Zonguldak İl Başkanı Şahin Ören açıklamasında, Prof. Dr. Mehmet Pekkaya’nın dekanlık görevini üstlendiği Karadeniz Ereğli Turizm Fakültesi’ne haftada bir ya da çok daha seyrek aralıklarla uğradığını ve fakültede görev alan akademisyenlere görevleriyle ilgili her türlü zorluğu çıkardığını açıkladı. Şahin Ören açıklamasında bilgilerin devletin ilgili birimlerine iletildiğini ve ilerleyen süreçte açıklamalarda bulunacağını duyurdu.
Şahin Ören’nin açıklamasının tamamı şu şekilde “Zonguldak Bülent Ecevit Üniversitesi Karadeniz Ereğli Turizm Fakültesi dekanı Prof. Dr. Mehmet Pekkaya son 1.5 yıldır fakülte tarihinde emsali görülmemiş sorunlara sebebiyet vermiştir. Bu süreçte bugüne kadar hiç yaşanmamış pek çok sorun ortaya çıkmıştır. Üniversitenin İktisadi İdari Bilimler Fakültesinde görev yapmakta olan ve kariyeri boyunca neredeyse hiçbir yöneticilik görevi üstlenmemiş olan Pekkaya’nın yaptığı uygulamalar, makamının gerektirdiği mevzuat bilgisinden yoksun ve rencide edicidir. Bu uygulamalar fakülte bünyesinde görev yapmakta olan akademisyenler üzerine mobbing olarak değerlendirilmiş ve iş barışını bozacak nitelikte büyük tartışmalara sebep olmaya başlamıştır. Birçok akademisyen eğitim öğretim faaliyetlerini yürütemez hale geldiklerini belirtmişlerdir.

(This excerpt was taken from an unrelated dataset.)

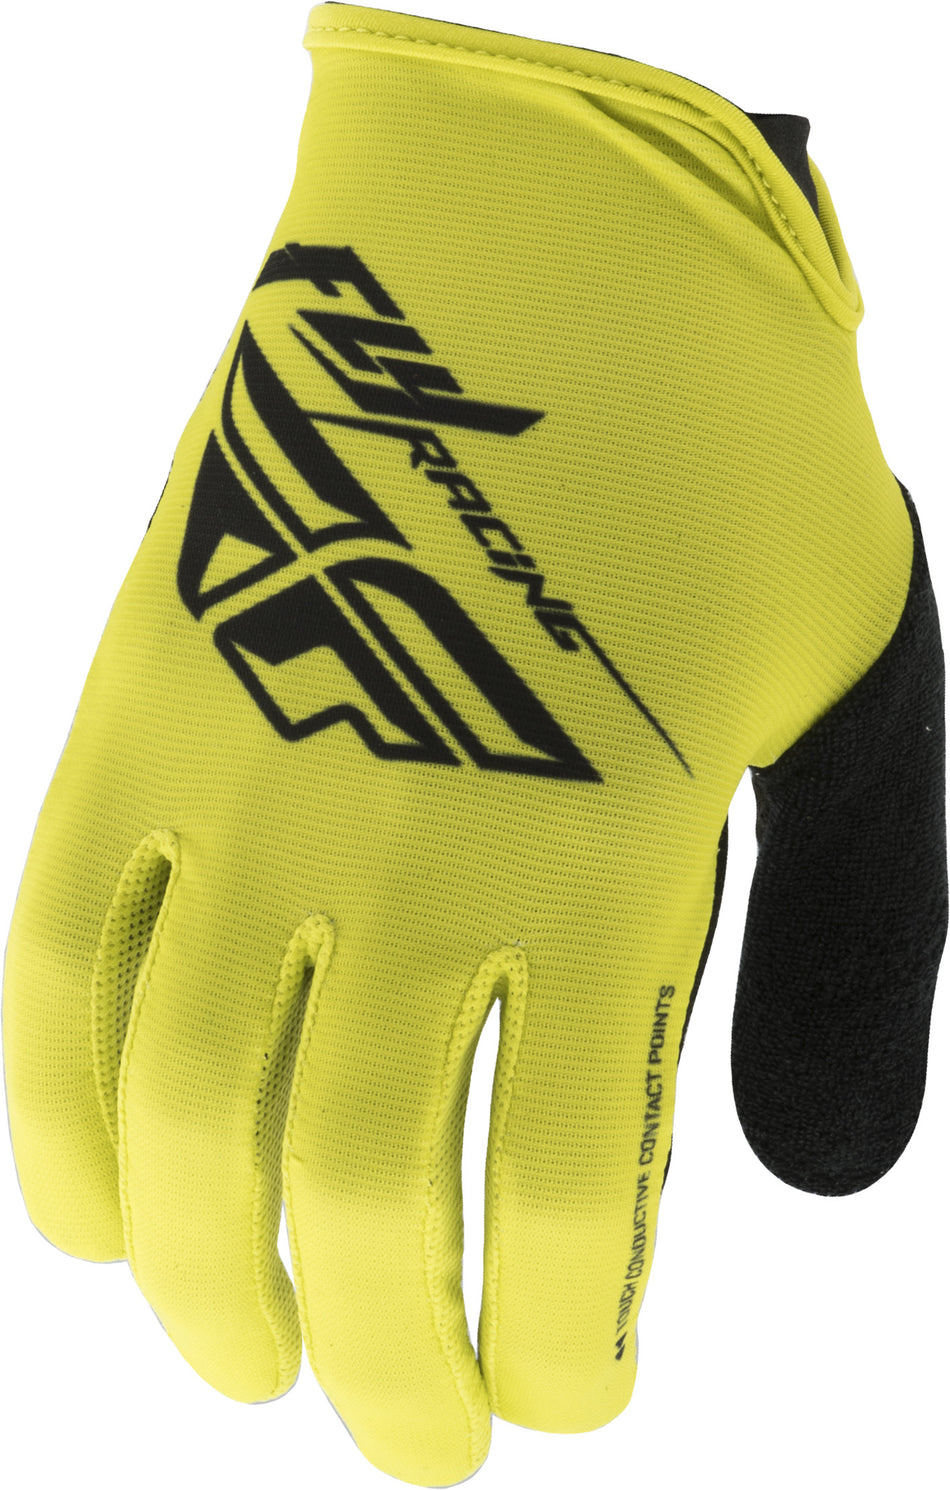 FLY RACING Media Gloves Lime/Black Sz 09 350-09509
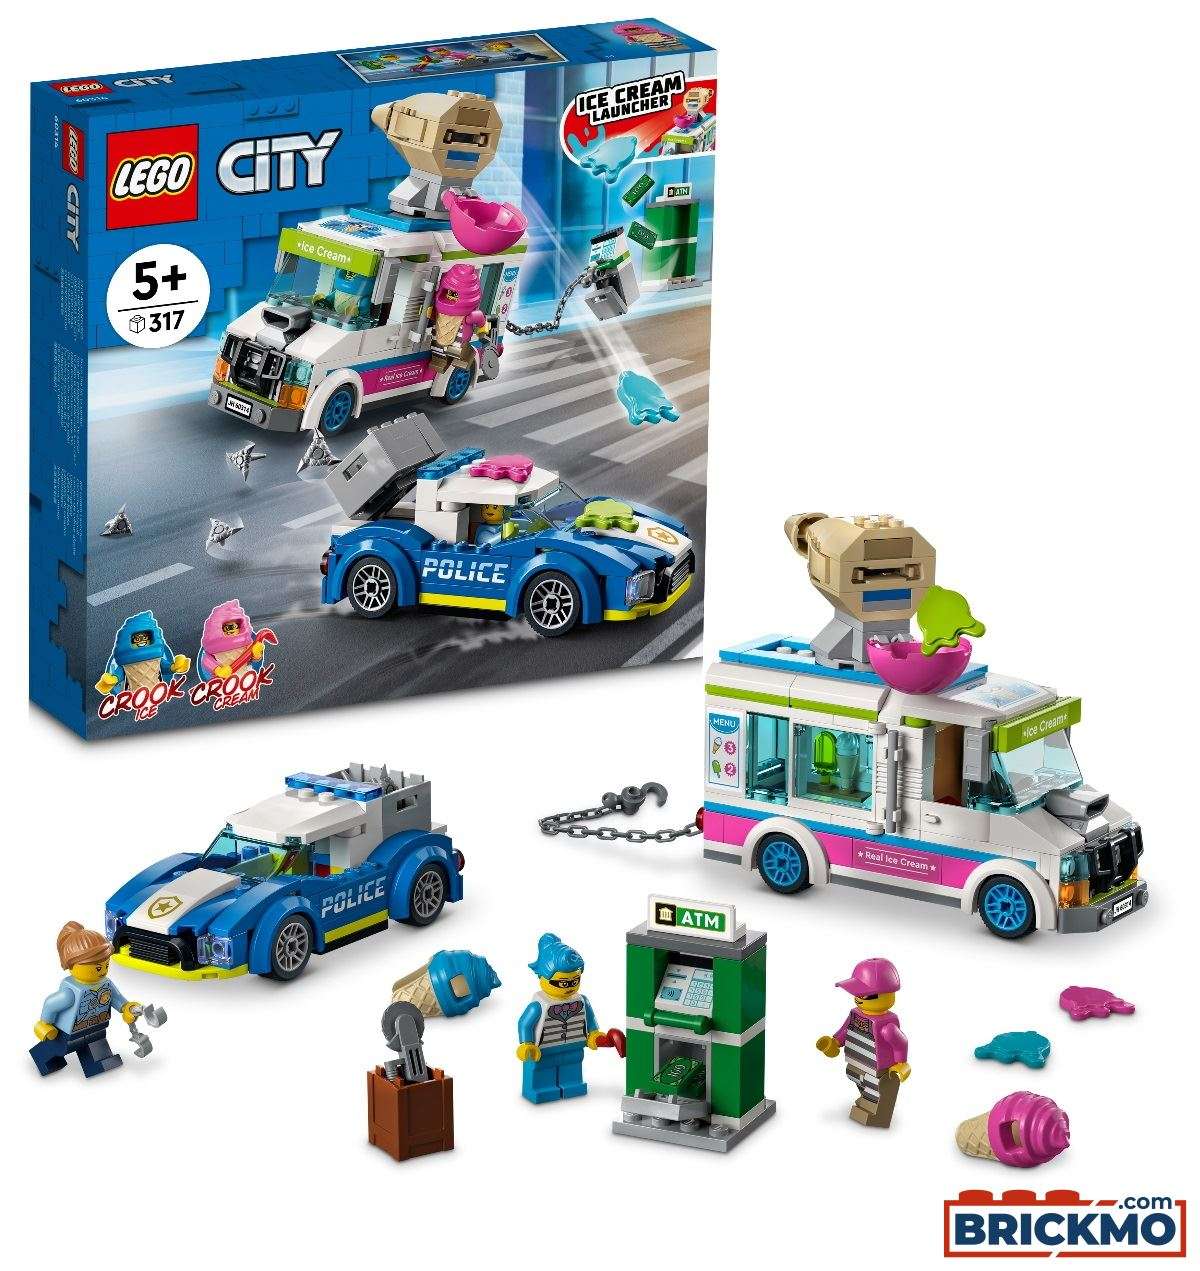 Eiswagen-Verfolgungsjagd | 60314 60314 LEGO Your TRUCKMO Truck – Models Models spezialist City Truck

Araştırma Görevlilerine Yoğun Baskı
Fakültede görev yapan akademisyenler tarafından Pekkaya’nın hukuki açıdan hiçbir şekilde hakkı olmayan uygulamalar ile fakülte içerisinde aşırı dereceye varan bir mobbing havası estirdiği ifade edilmektedir. Mesela bu sayın Pekkaya, Araştırma görevlilerini sabah 8.30 itibariyle defalarca üstelik görüntülü aramış, bu görüntülü aramalara araştırma görevlilerinin tanımadığı üçüncü bir numarayı da ekleyerek fakültenin bayan araştırma görevlilerini son derece tedirgin etmiştir. Ayrıca kadın araştırma görevlilerinden neden görüntülü aramaları açmadıkları ile ilgili soruşturma olmaksızın usulsüz şekilde savunma yazısı talep edilmiştir.. Soruyorum şimdi sizlere “bir akademisyen, hatta kadın bir akademisyen tanımadığı ya da tanıdığı birinin görüntülü aramasını cevaplamak zorunda mıdır? Bu nasıl bir yönetim anlayışıdır? Makam ve mevkisini kullanarak bir başkasını görüntülü arama cesaretini kim ya da kimlerden almaktadır? Eğer bu uygulamaları talimatla yapıyorsa bu talimatı kimler vermektedir? Yok eğer kendi öz iradesiyle yapıyorsa bu kişinin değil bu makamda, insan ilişkilerinin bulunduğu hiçbir yerde bulunmaması gerekmektedir.”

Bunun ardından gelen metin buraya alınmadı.